Perhaps worth noting that these merkle proofs will only give you the witness-stripped tx anyway – in order to verify the tx’s witness data you need the full coinbase in order to obtain the segwit commitment (which can be essentially anywhere in the coinbase tx), and then you need the matching merkle path from that to your non-stripped tx. So for a lite node, checking the stripped size of the tx is straight-forward – that’s all the data it’s likely to be able to verify anyway.

It occurs to me that most of the time, you’re probably more interested in whether an output is (was) in the utxo set, rather than whether a tx is in a block. But I think the concerns here are irrelevant for things like utreexo that have some new merkle tree: they can use a prefix to distinguish tree contents from internal nodes.

1 Like

It took me a while to figure out how knowing the number of bytes used to create a digest was an alternative to validating the structure of a coinbase transaction. Do I accurately understand that you propose the following:

  1. Prover provides the coinbase transaction midstate (including size) for all but the final chunk of the first of the double SHA256 hashes, plus the final chunk.

  2. Prover provides a partial merkle branch for the coinbase transaction.

  3. Verifier uses the midstate (including size) and the final chunk to generate the coinbase txid.

  4. Verifier checks all provided nodes in the partial merkle branch are on the right side (i.e., that the branch is for the first transaction in a block, i.e. the coinbase transaction).

  5. Verifier inserts its generated coinbase txid into the partial merkle branch and verifies up the tree until it connects to the merkle root in the block header.

After the above process, the verifier can be certain of the following:

  • The number of bytes used to generate the digest (txid).

    • If the number of bytes is not equal to 64, then the digested data must have been a transaction (or the block was invalid).

    • If the number of bytes is equal to 64, then the digested data may have been either a transaction or concatenated digests for an internal merkle node. The verifier can distinguish between these by checking whether the 64-byte chunk provided to it matches a coinbase transaction pattern.

  • The verified transaction is a coinbase transaction given the inability to use CVE-2017-12842 to forge coinbase transactions and the position of the transaction in the merkle tree (or the block was invalid).

  • The depth of the coinbase transaction, which is the same depth as all other transactions in the tree.

I agree, as the average absolute bandwidth is trivial, can be easily reduced by another 36 bytes, and can be amortized over an entire block of transactions.

And as the above implies, worst case should not be a consideration given that it is reasonably bounded.

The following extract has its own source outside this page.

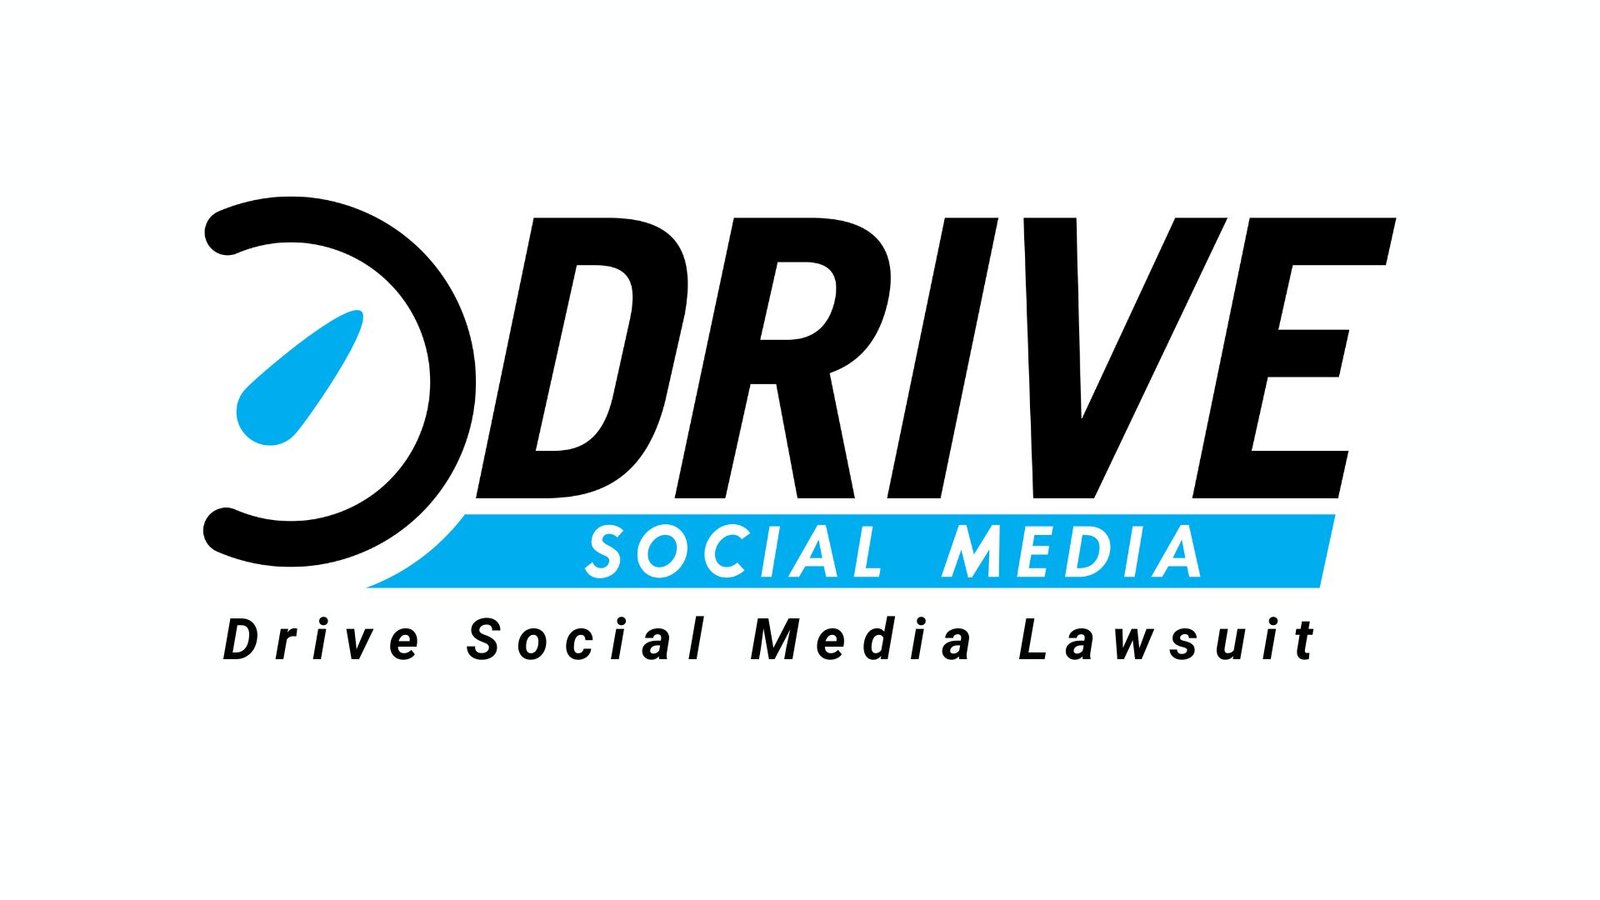 Drive Social Media Lawsuit

Given that bandwidth is not a material issue, adding sha256 midstates is unnecessary complexity.

Also, by simply compacting out the excess 36 bytes as mentioned above there is no need to validate the coinbase. Reconstituting it with the presumed null point is sufficient (e.g. defaulting a tx deserialization with no input point to a null input point).

Consequently the complexity comparison becomes:

  • Ensure that the stripped transaction is not 64 bytes, and ensure that its Merkle path is valid.

vs:

  • Ensure that the (reconstituted) coinbase Merkle path is valid, and ensure the same valid Merkle depth for any tx in the block.

Validating the coinbase Merkle path is of course code reuse, so the new logic is checking the Merkle path size. This is the tradeoff in the SPV wallet. The tradeoff in the full node is mandatory checking of the stripped size of all transactions (and soft fork) vs. doing nothing (possibly “compressing” null points for SPV clients).

Cross referencing this SV2-related post here, as I brought up GCC as a point of relevance on that discussion.